Hisamitsu

For years, I’d been wondering what that little phrase was that you hear women sing at the end of commercials for Salonpas pain reliever. I did eventually manage to track it down. It sounds like “Sammy too,” but it’s actually the manufacturer with the name of the title of this post (obviously Japanese). I would have thought it was pronounced HIsaMITsu, but apparently it’s HiSAMItsu .

Anyway, they must have finally gotten the message from viewers that it was a head scratcher, so for the first time this morning, I saw an ad in which they actually showed the word at the end. It’s funny that they’d been singing it for all these years with complete ineffectiveness at conveying what it was.

[Update later afternoon]

Apparently I misspelled it: It’s Hisamitsu.

7 thoughts on “Hisamitsu”

  1. For years I was too bemused by the name Salonpas to even notice the Hitsamitsu at the end of the commercials. I eventually Googled it, and it’s methyl SALicylate which PASses through the skin, and seemingly the French pronoun ON just because c’est comme il faut.

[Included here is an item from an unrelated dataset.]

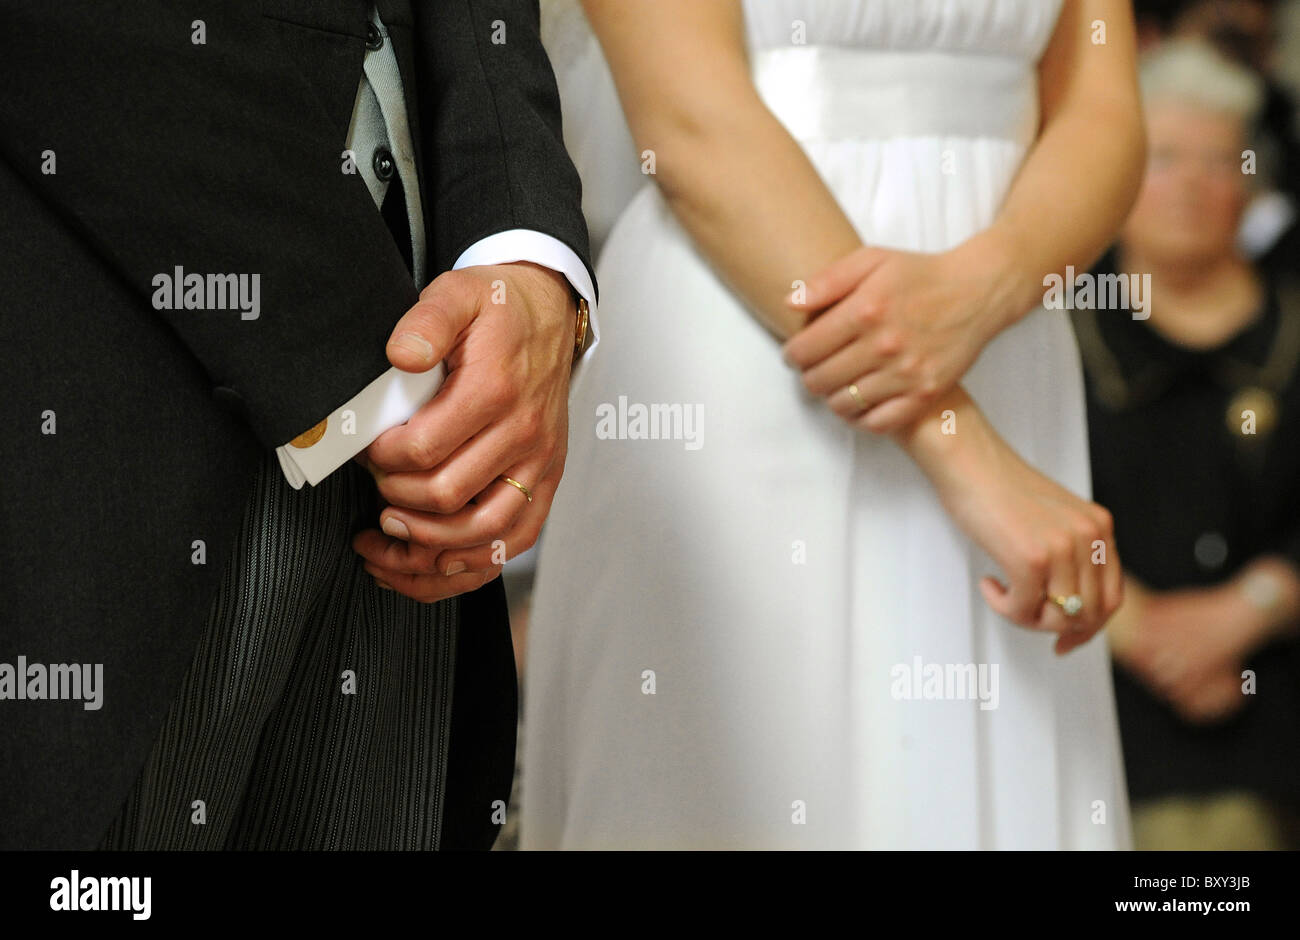 Mariage, mariage Banque D'Images

  2. The kana syllables are Hi-tsa-mi-tsu. Japanese does not have stress accent, but focuses on the supposed length of the syllables, so to an English speaker Hitsamitsu might sound a bit like kh-tsah-mits.

      1. And the “i” (sounds like “ee”) and “u” phonemes are usually shortened almost to silence, unless followed by an “i” or “u” which lengthens them. That shortening makes some words hard to pronounce correctly. Try to say “father”, “chichi” without sounding like a steam valve.